A grandparent may seek an order:
- to spend regular time with the child, usually sought where parents have refused the grandparent any involvement with the child. Whether this will be granted depends on the circumstances, however the Court will generally award the grandparent less time than may be ordinarily awarded to a parent.
- for the primary care of the child, typically sought where parents may be unwilling or unable to care for the child. An order for a child to live with a grandparent (and for that grandparent to have sole parental responsibility for them) places them in an equivalent role to a parent and allows that person to make decisions for the child without the need to consult the parents.
According to the Court, a child’s best interests are of paramount importance. The primary considerations in parenting applications are the:
- benefit of the child having a “meaningful relationship” with both parents; and
- need to protect the child from physical or psychological harm including from being subjected or exposed to abuse, neglect or family violence.
The Court will give greater weight to protection of a child when making a parenting order. The term “meaningful relationship” otherwise refers not only to the amount of time the child spends with their parent, but the way in which that time is spent.

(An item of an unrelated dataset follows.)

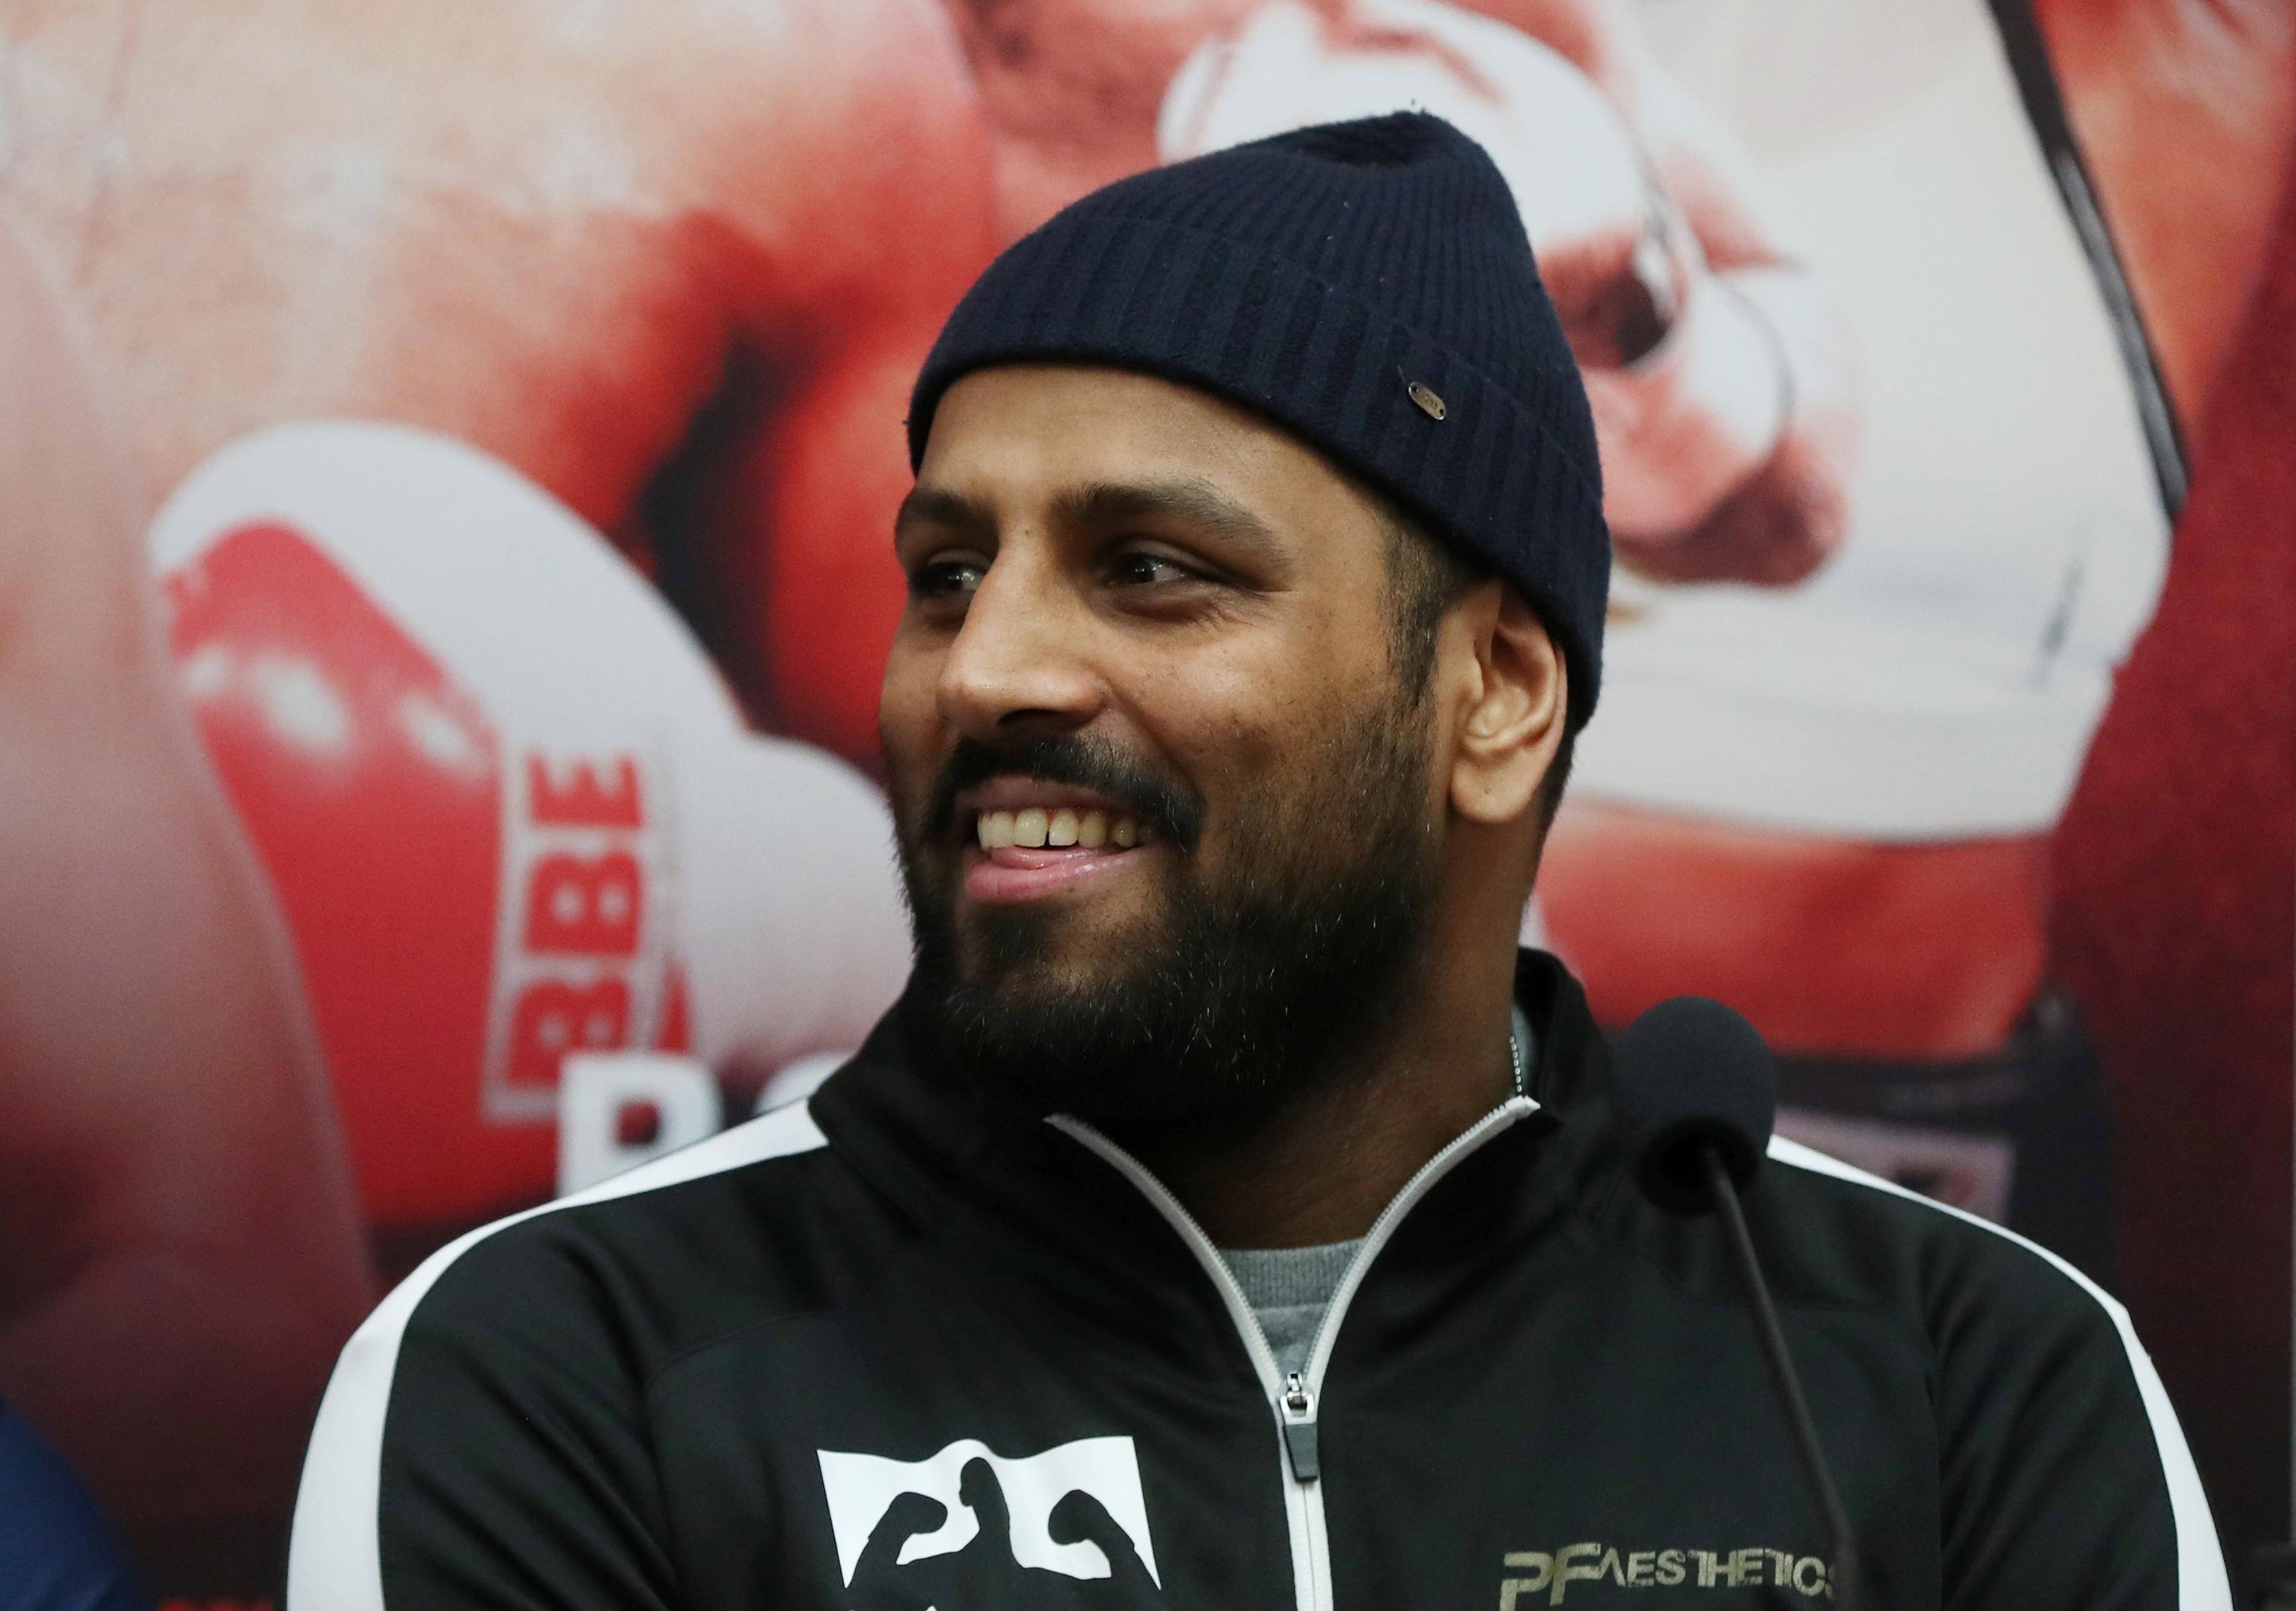 Boxeador britânico é suspenso por seis meses após morder adversário

The Court must also consider matters such as views expressed by the child (although this depends on the child’s age and maturity), the nature of the relationship between the child and their parents and any other person significant to their care, welfare and development (such as a grandparent). The Court will also consider the:
- extent to which a parent may have taken or failed to take an opportunity to have meaningful involvement in the child’s life; and
- likely effect of any change in the child’s circumstances, including separation from either of their parents, another child, or any other person (including grandparent or other relative of the child) with whom they have been living.
It’s clear that under the Act grandparents’ rights are significant. However, an order for primary care in favour of a grandparent will only be made in circumstances where it’s determined that it is not in the child’s best interests to remain with the parent (for example, where a parent suffers from an addition to alcohol or drugs, has been in jail, or where a child has been exposed to significant family violence).
In cases where there are no risk issues identified for a child, a grandparent may be successful in obtaining an order to spend time with a child on a regular basis. The amount of time ordered will depend on the circumstances.
Prior to making an application for parenting orders, a grandparent must attempt mediation (unless there’s some urgency). If an agreement can be reached by mediation or via negotiations, then this can be documented and formalised by way of Consent Orders.